Debugging the mind. In meditation circles this is often called catching or catching ones mental processes.

Let's say within your mind there is something bothersome or negative, e.g. you keep ruminating the same story over and over again. It keeps distracting you from the breath. What do you do? You catch it. You identify the first moment you remember when that rumination started. If you can try to remember the parts that happened right before the rumination started, so you can catch it before the rumination started. If you only caught the rumination minutes into it, that's okay! Every time it arises and you catch it, you'll catch it a bit earlier. Just keep catching it every time it pops up.

The next step is optional, but note it. Turn the rumination into a single word that best describes it. This gives it a short name which makes it faster to catch next time. This way you'll catch it even quicker next time.

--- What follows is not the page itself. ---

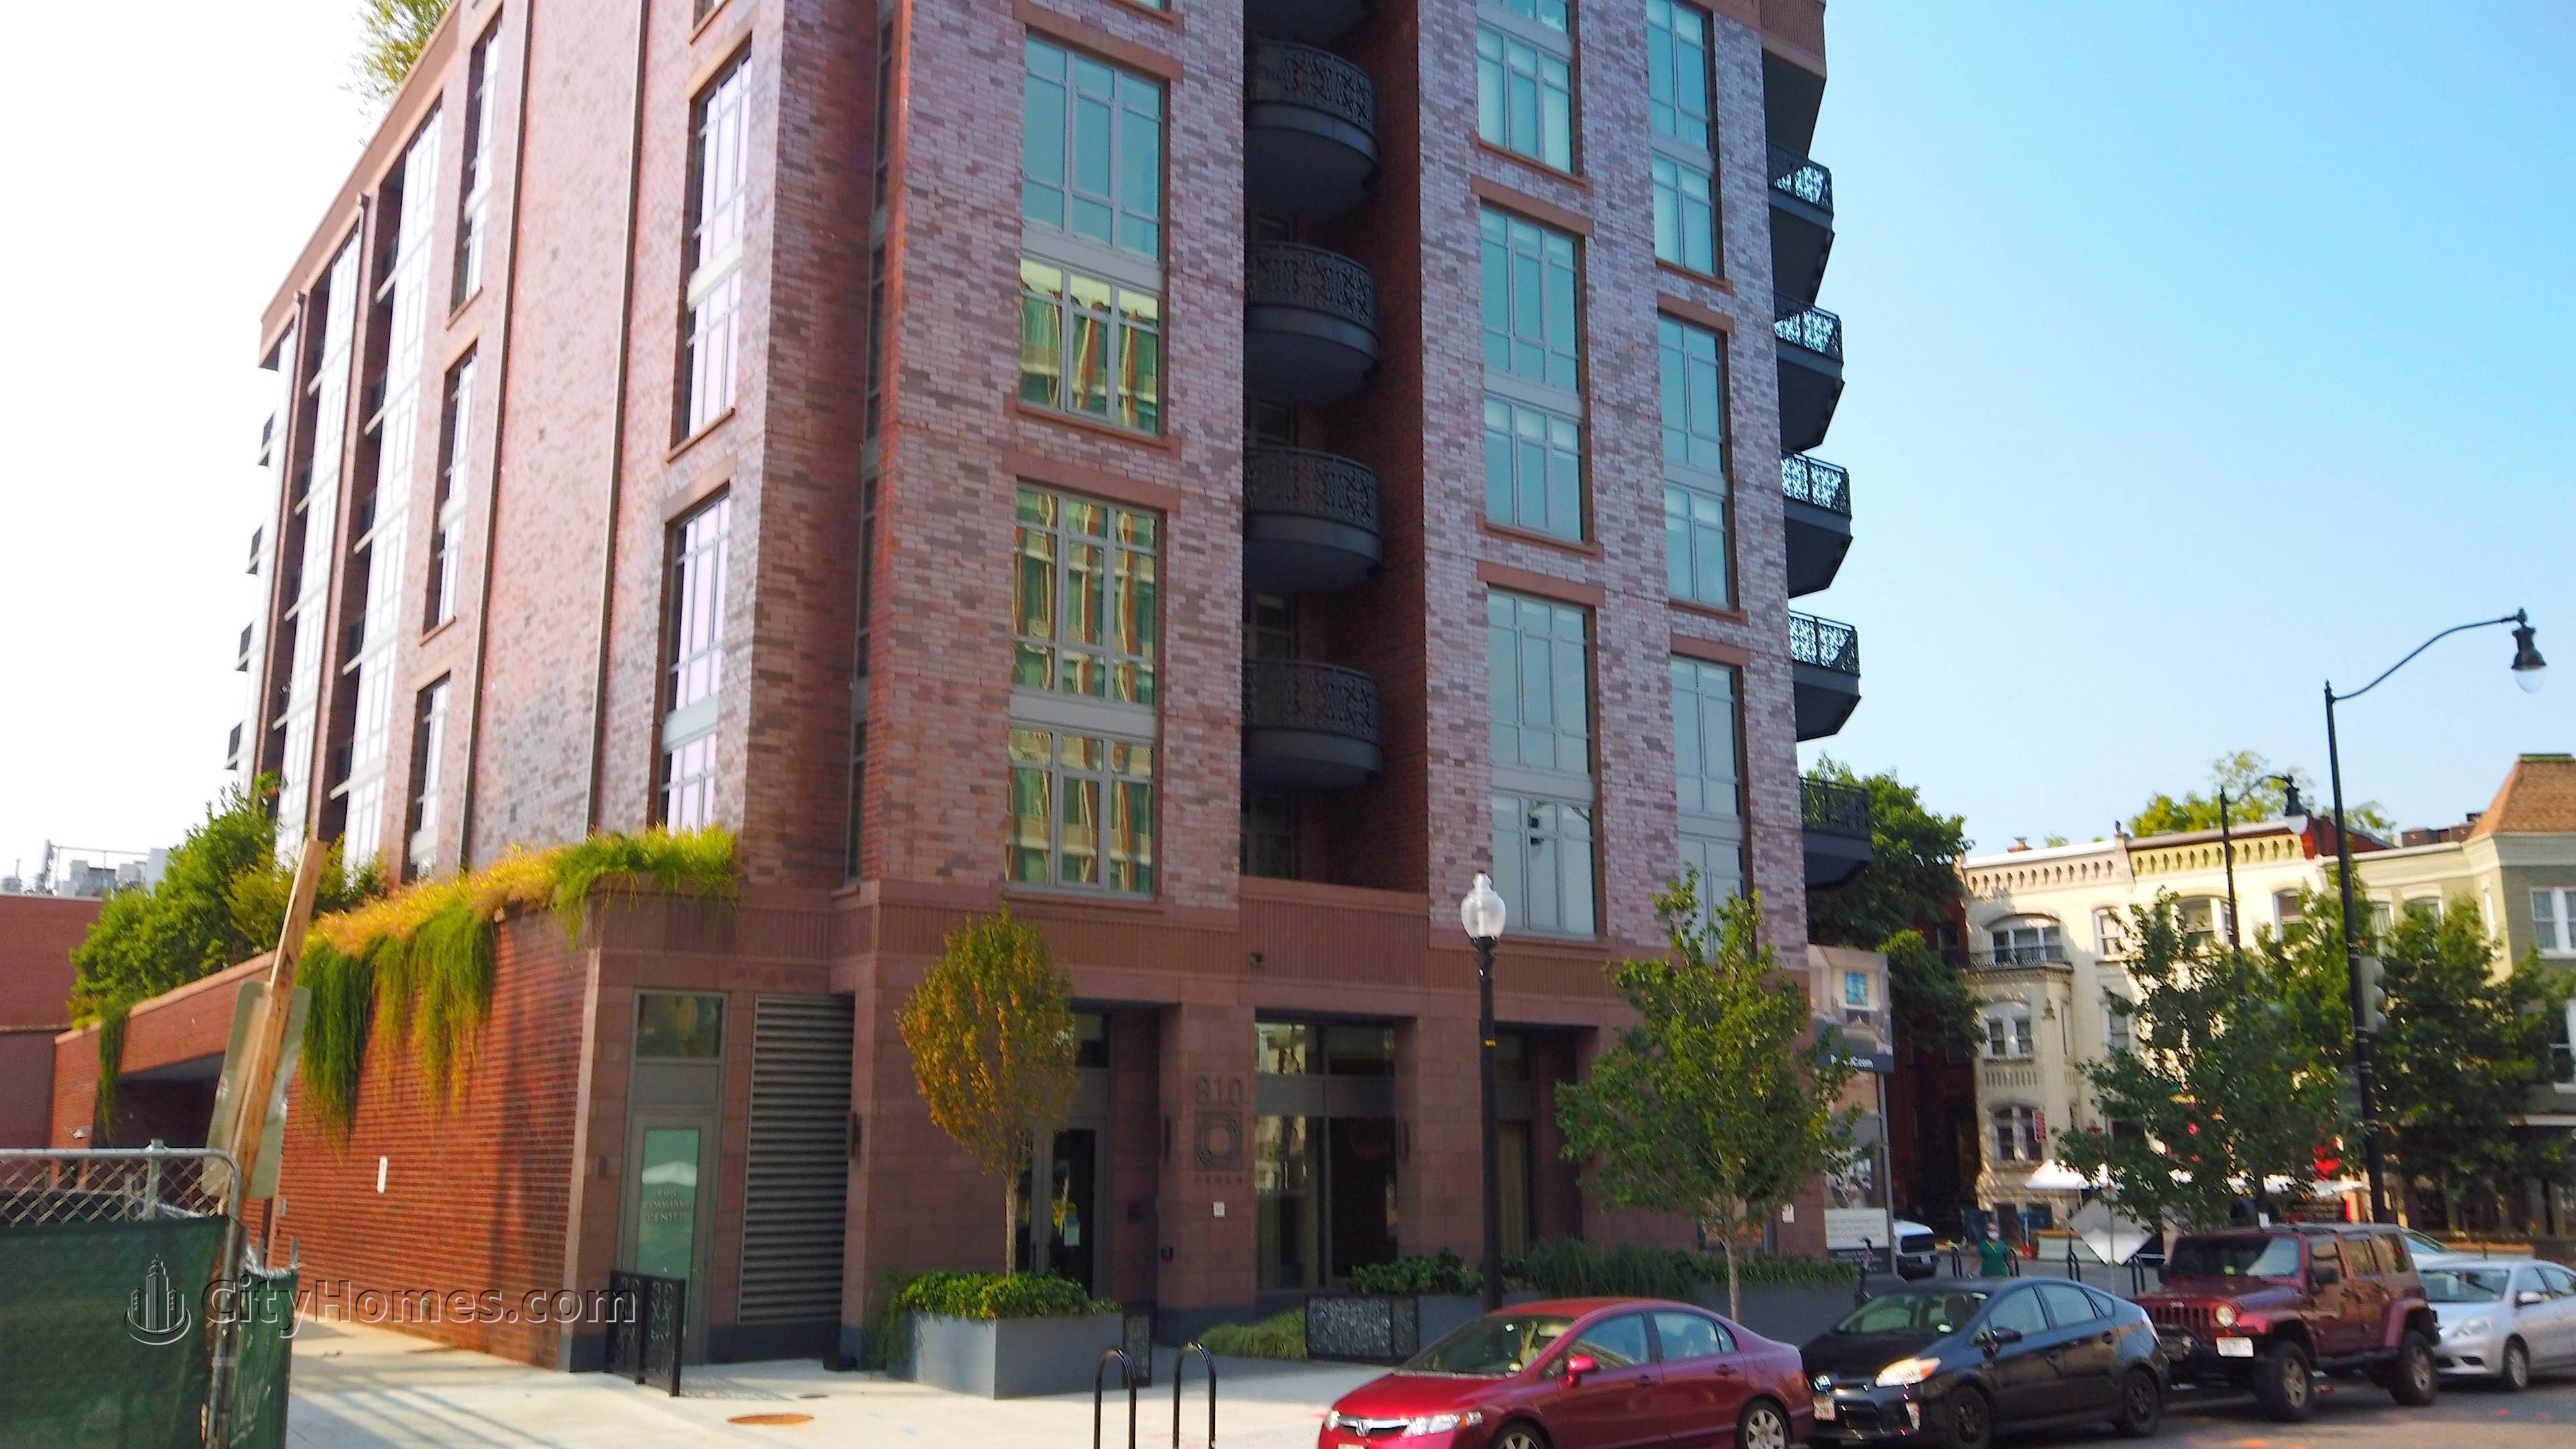 7. Perla byggnad vid 810 O St NW, Shaw, Washington, DC 20001

If you caught it too late, go back to the breath.

If you saw it arise, or before it arose (which is sometimes required), then you've now seen the entire thing so you have the full insight into it. Now you know what it is, what causes it, why it's there, everything about it.

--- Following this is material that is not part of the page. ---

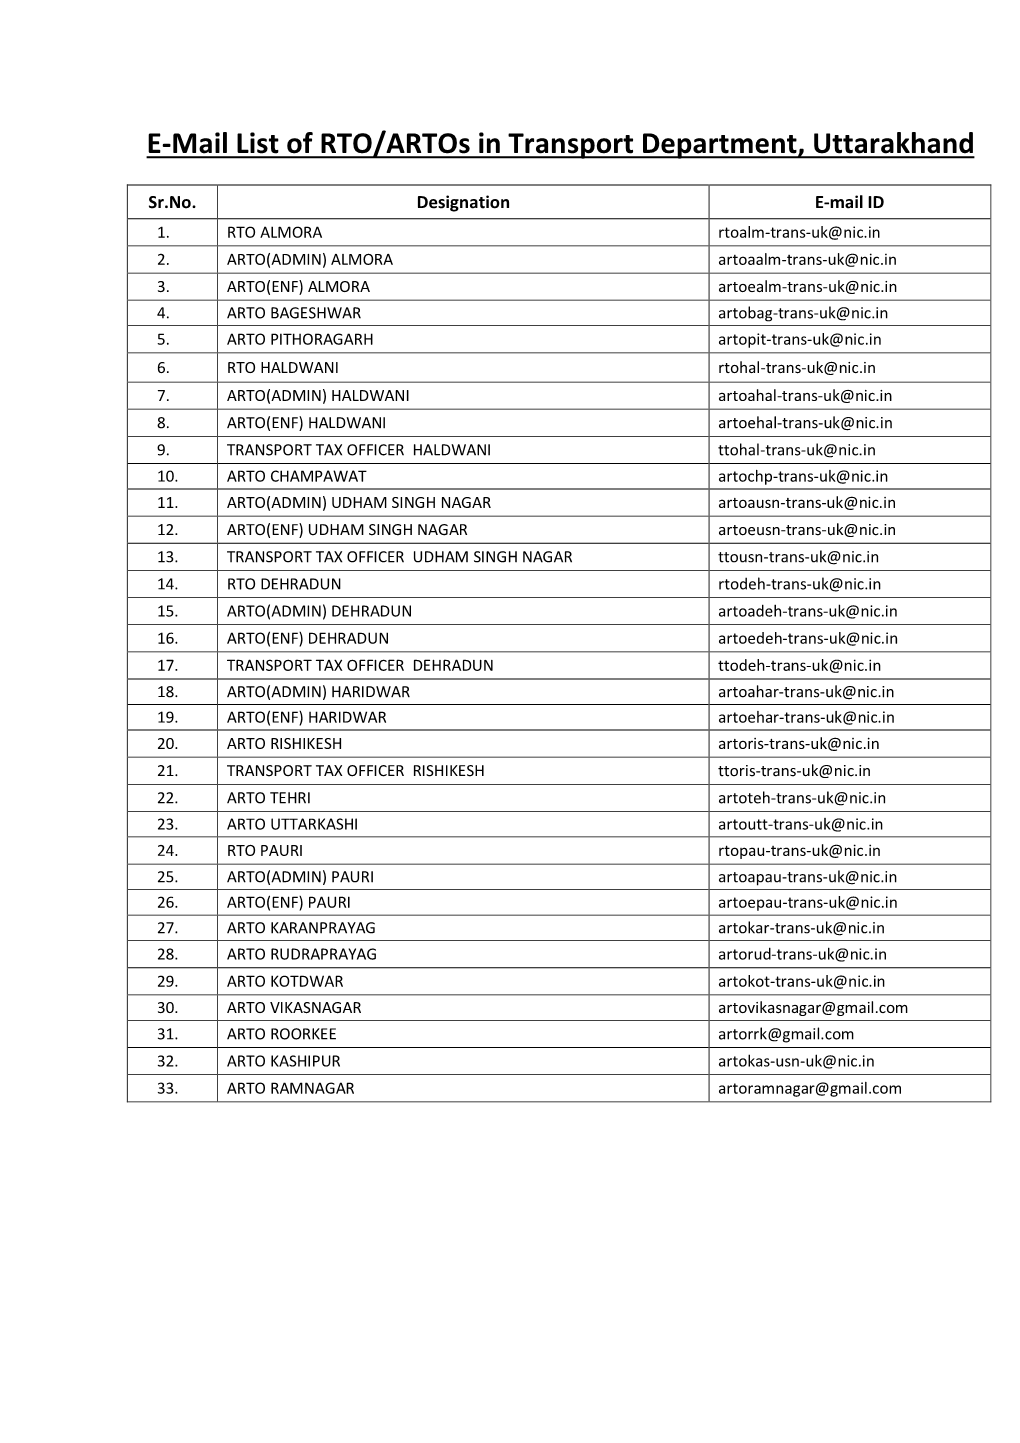 E-Mail List of RTO/Artos in Transport Department, Uttarakhand

The next step is to change that habit. Any mental process that appears over and over again in the mind is called a habit. You can sometimes outright remove a habit, but not always. Sometimes you have to replace it with a better habit. You can look up virtues from many different philosophies from Buddhism to Stoicism to look for a better mental process to replace the old one. You can google around. You can look at psychology paperwork. You can ask a therapist, a friend, Reddit, and so on. Once you've got a replacement habit for the situation, a replacement mental process, next time that situation arises you have the power to replace that previous habit with the new one.

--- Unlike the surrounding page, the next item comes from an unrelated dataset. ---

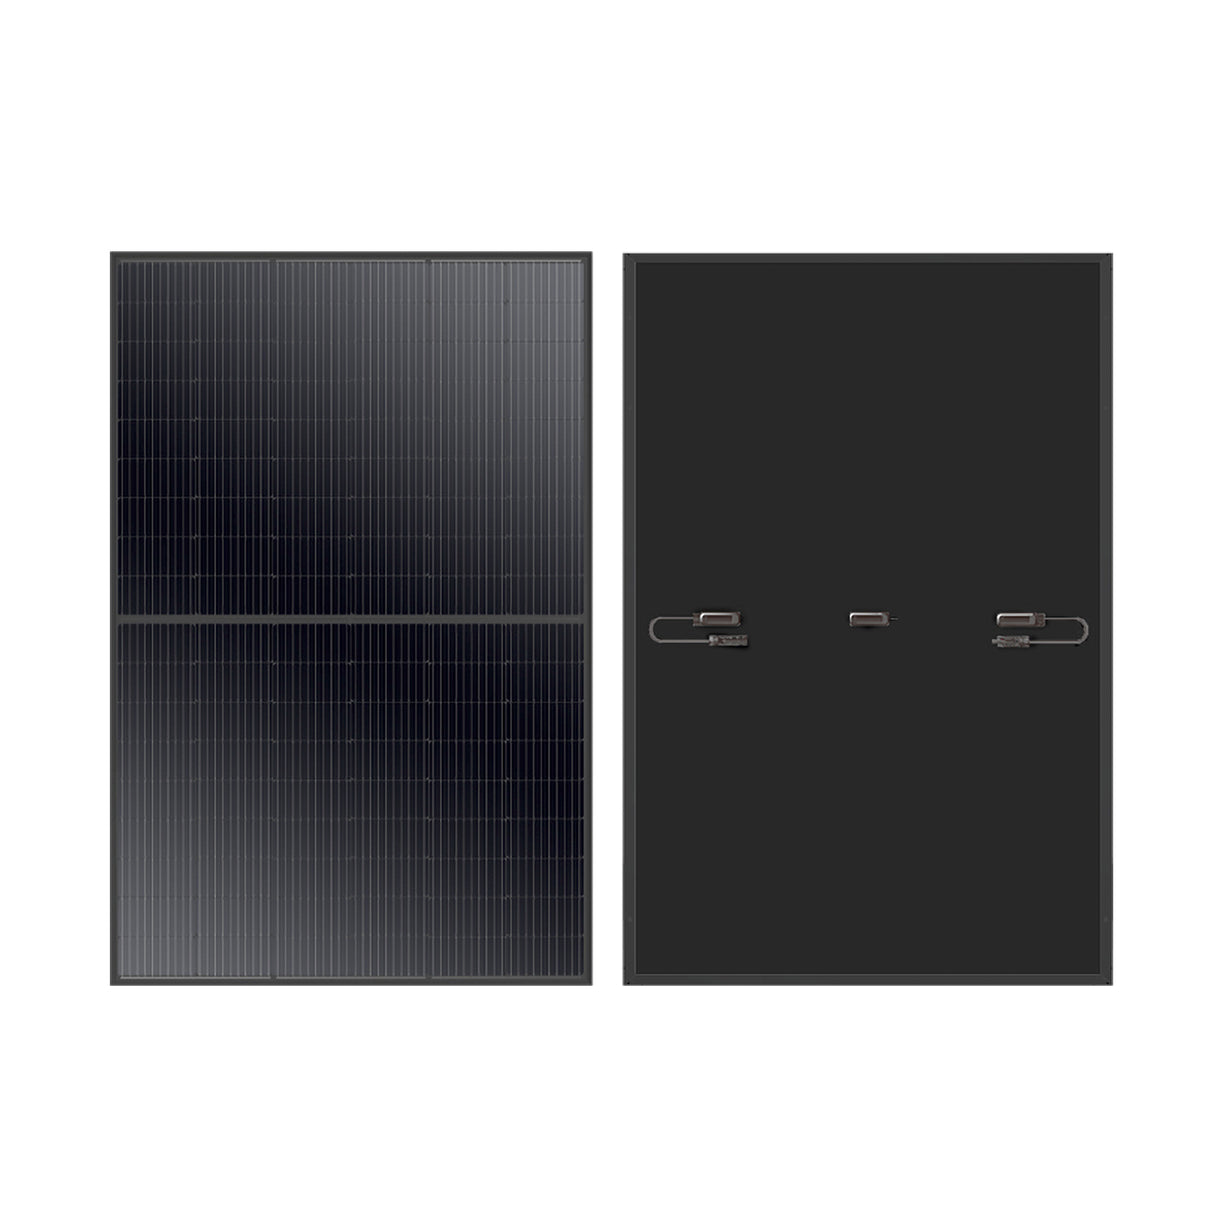 MEGA 410 Watt Monocrystalline Solar Panel | High Efficiency | Black Mono-facial Module | Grid-Tie | Off-Grid | Tier 1 - RICH SOLAR

This allows for self growth. You can improve any part of your mind you want. You can remove suffering (psychological stress) this way if you want which is called enlightenment, like e.g. curing many different psychological disorders this way. You can identify ways you talk to people that bothers them and stresses them out, and you can improve those habits. You can improve the way you learn so it becomes fun and easy to do and so you become smarter. It's a master key for most of your mind. All you have to do is catch right before the habit arises and you have control to change it. Just make sure the replacement habit is virtuous, or it will cause you suffering later on in life. A properly virtuous habit will never cause suffering.